**Assignment**
Every record should be written out exactly, with the pictures left out.

**Data supplied**
**********
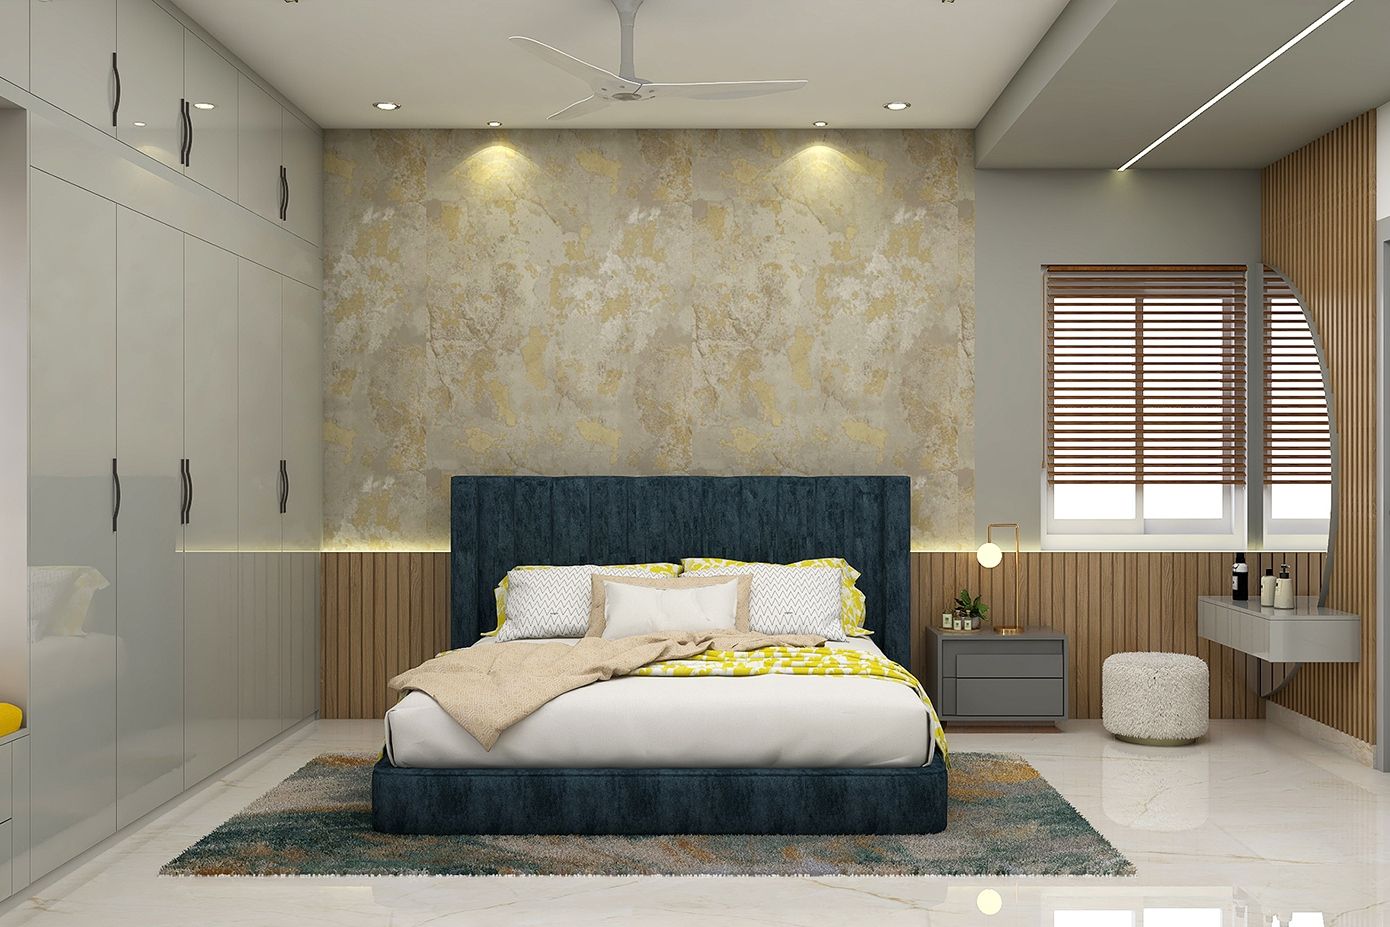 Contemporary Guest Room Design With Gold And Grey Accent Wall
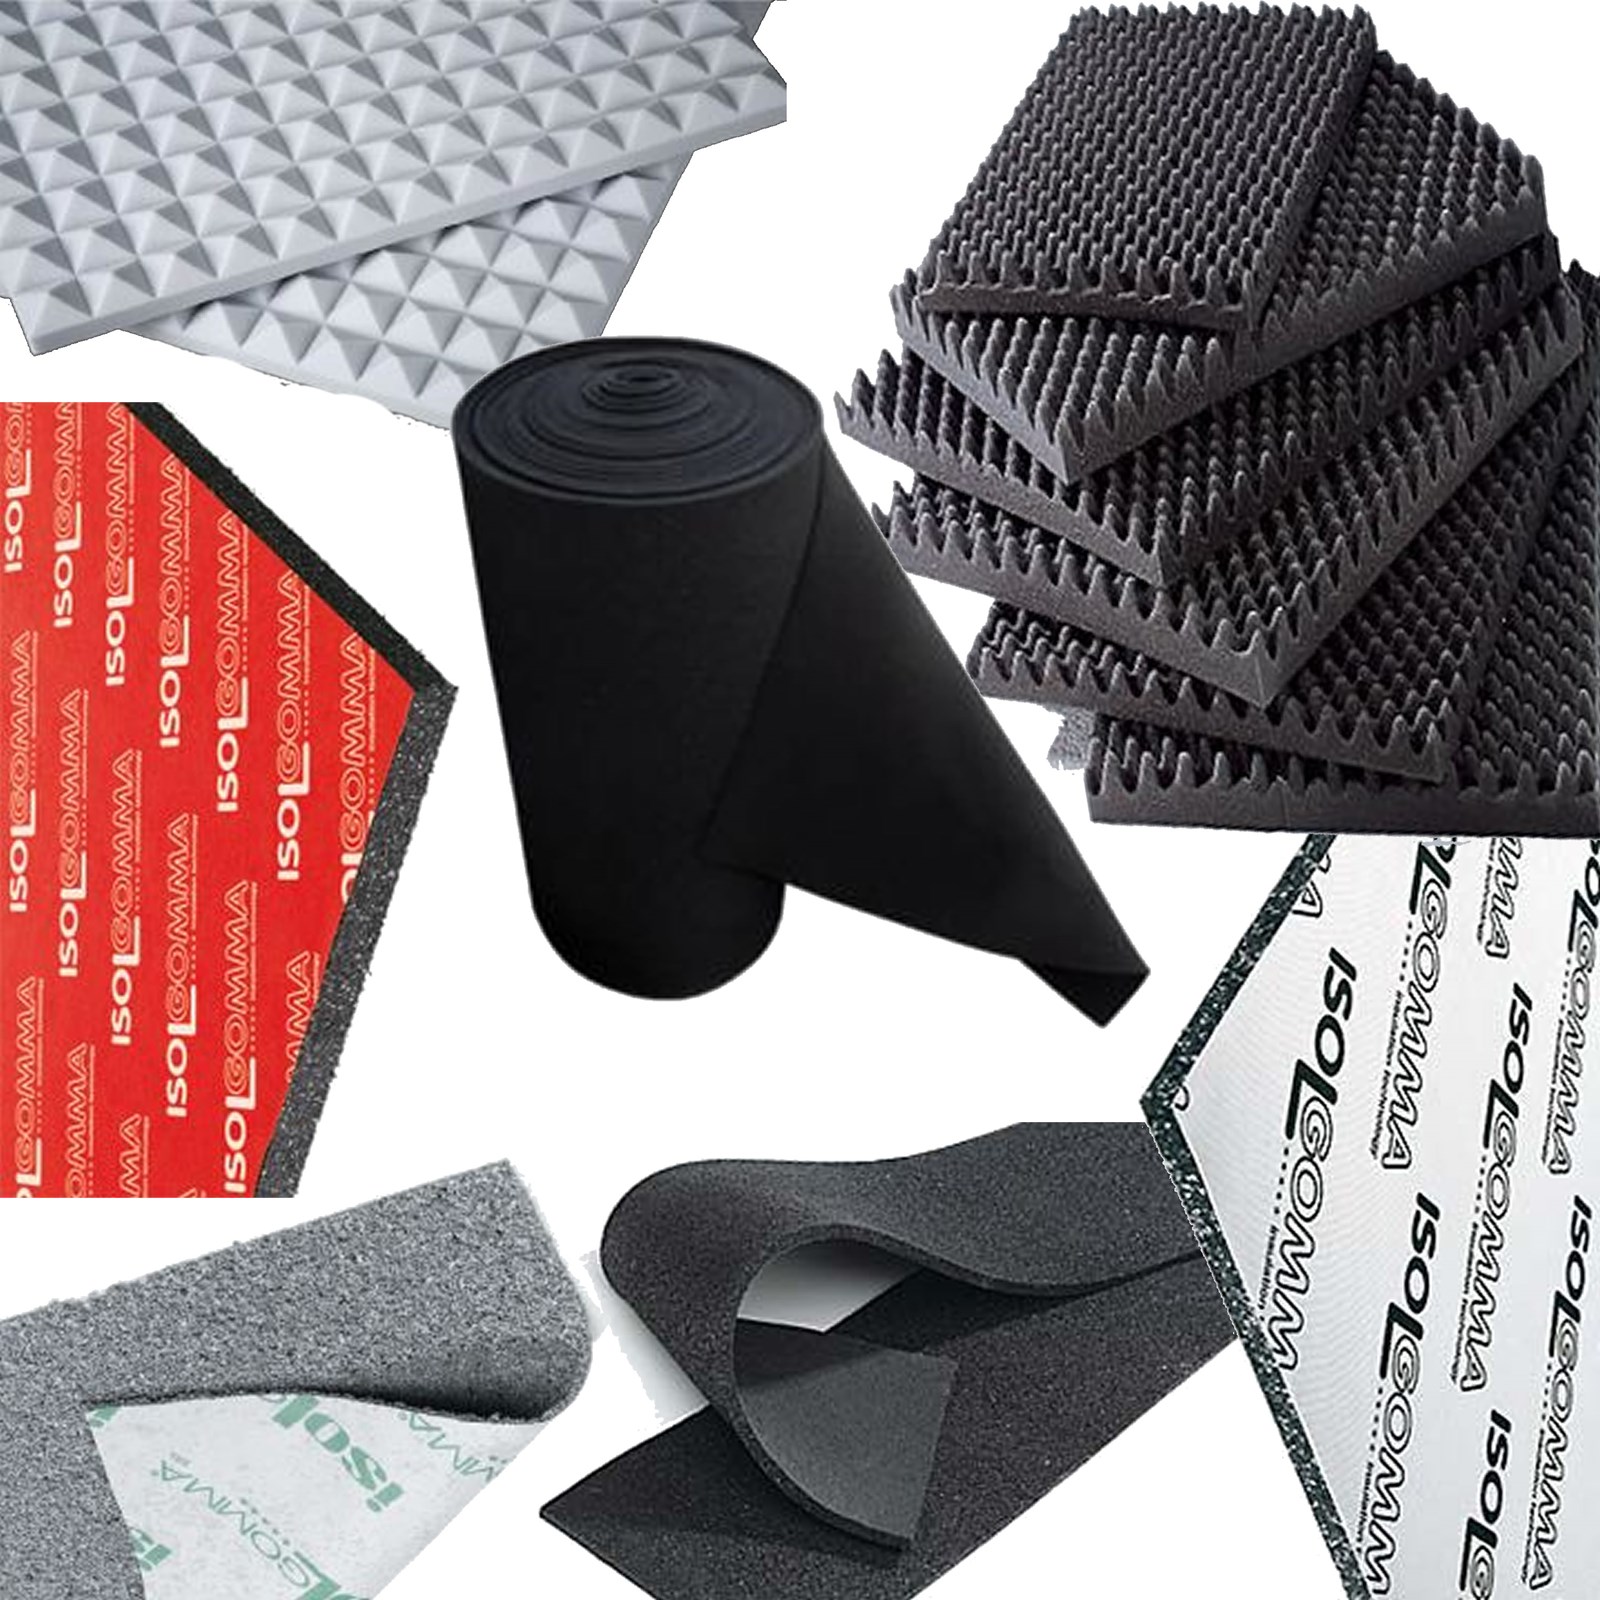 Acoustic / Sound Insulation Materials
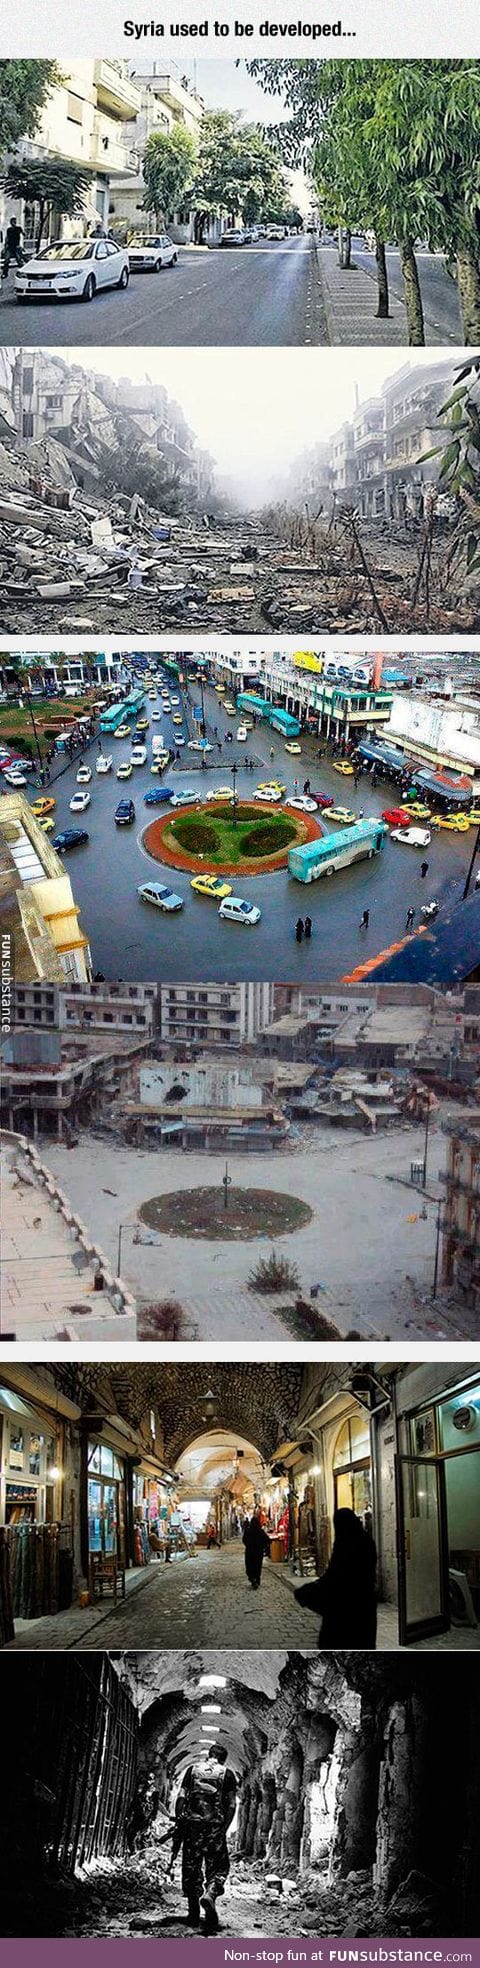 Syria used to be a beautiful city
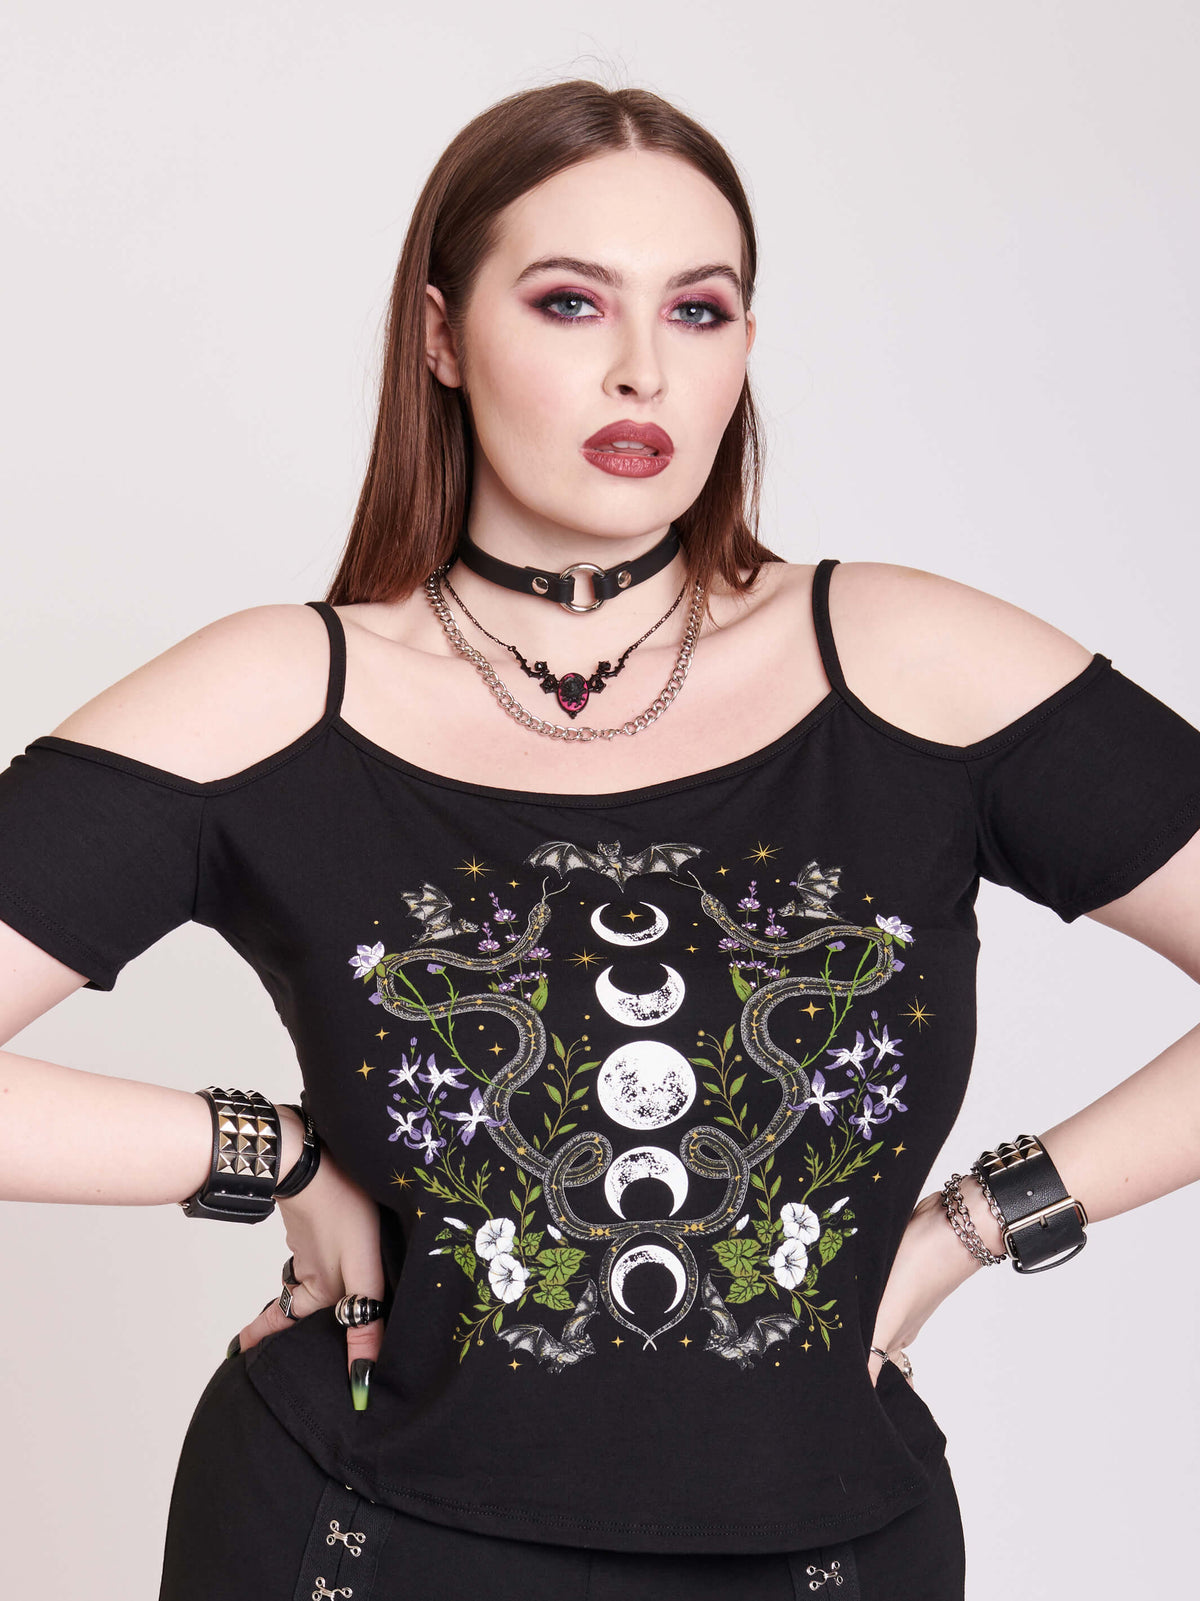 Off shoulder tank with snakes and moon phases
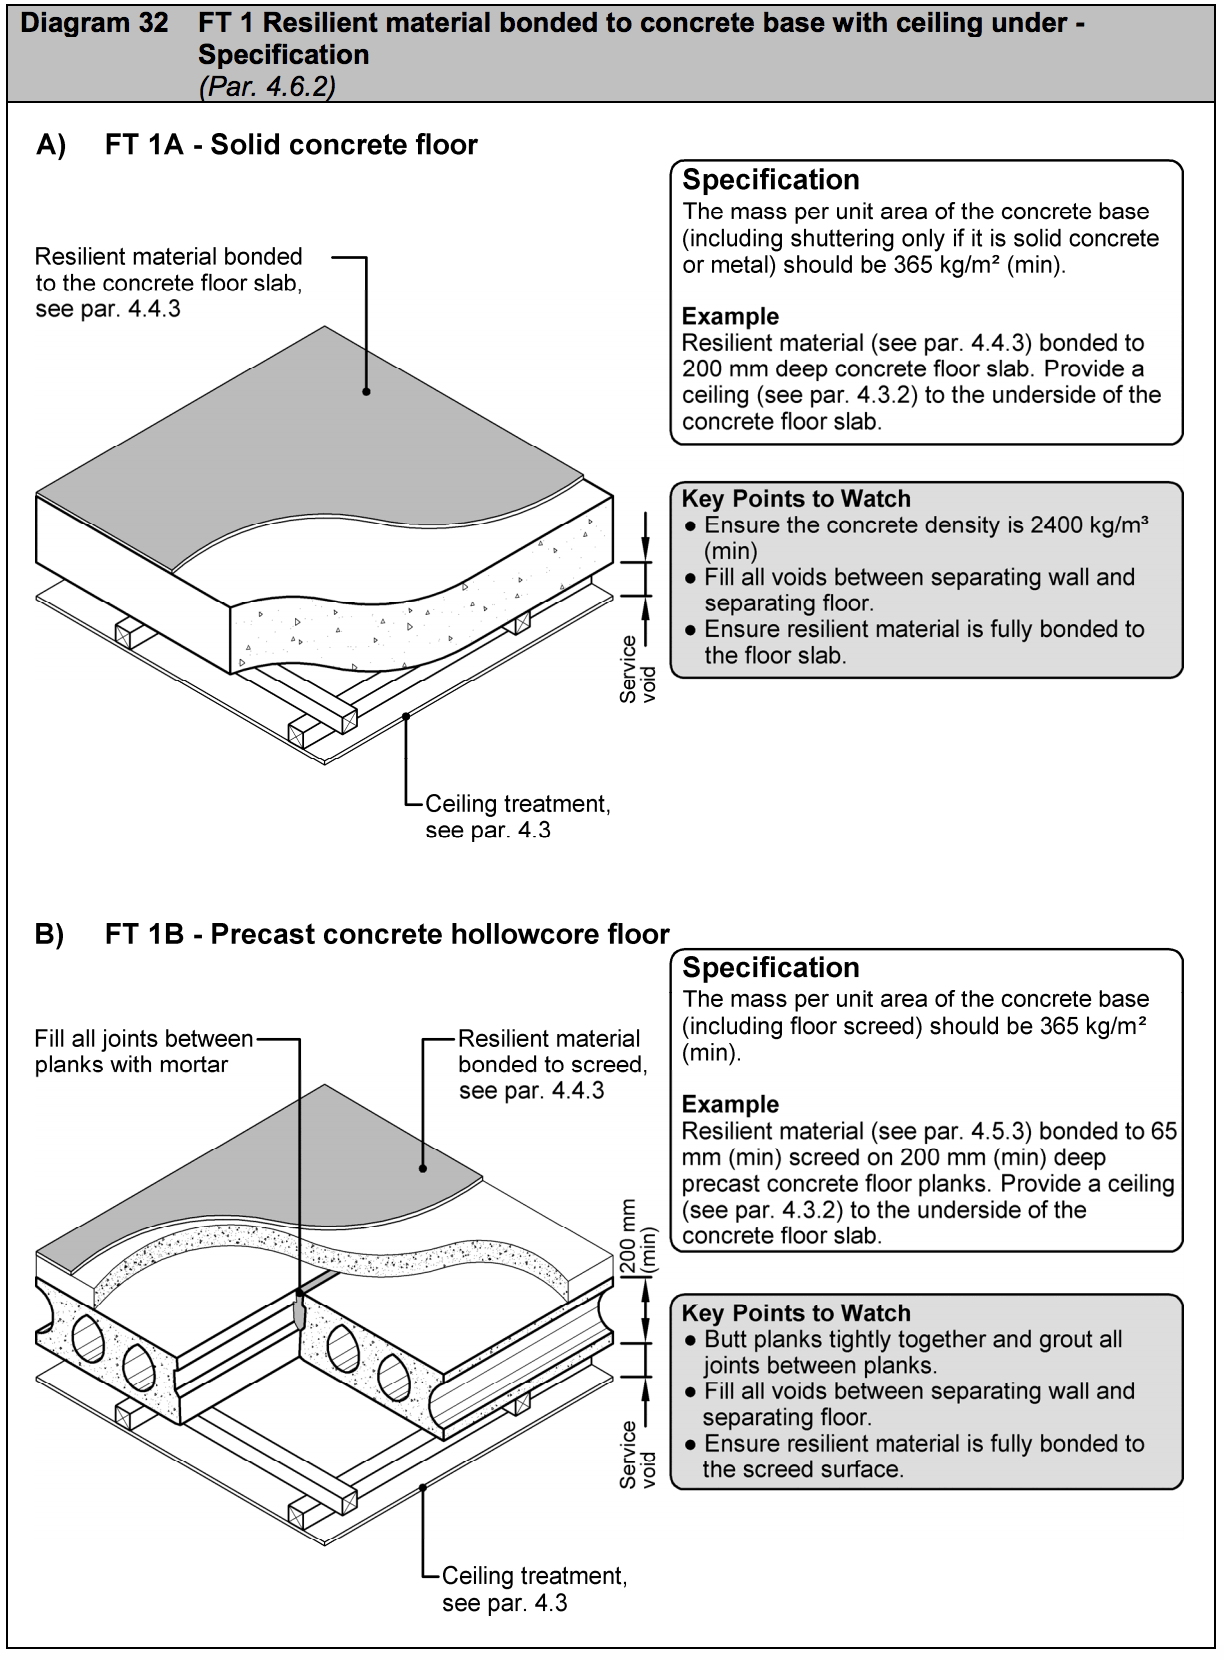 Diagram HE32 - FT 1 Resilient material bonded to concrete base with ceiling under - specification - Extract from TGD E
**********
**Expected output**
 Contemporary Guest Room Design With Gold And Grey Accent Wall
 Acoustic / Sound Insulation Materials
 Syria used to be a beautiful city
 Off shoulder tank with snakes and moon phases
 Diagram HE32 - FT 1 Resilient material bonded to concrete base with ceiling under - specification - Extract from TGD E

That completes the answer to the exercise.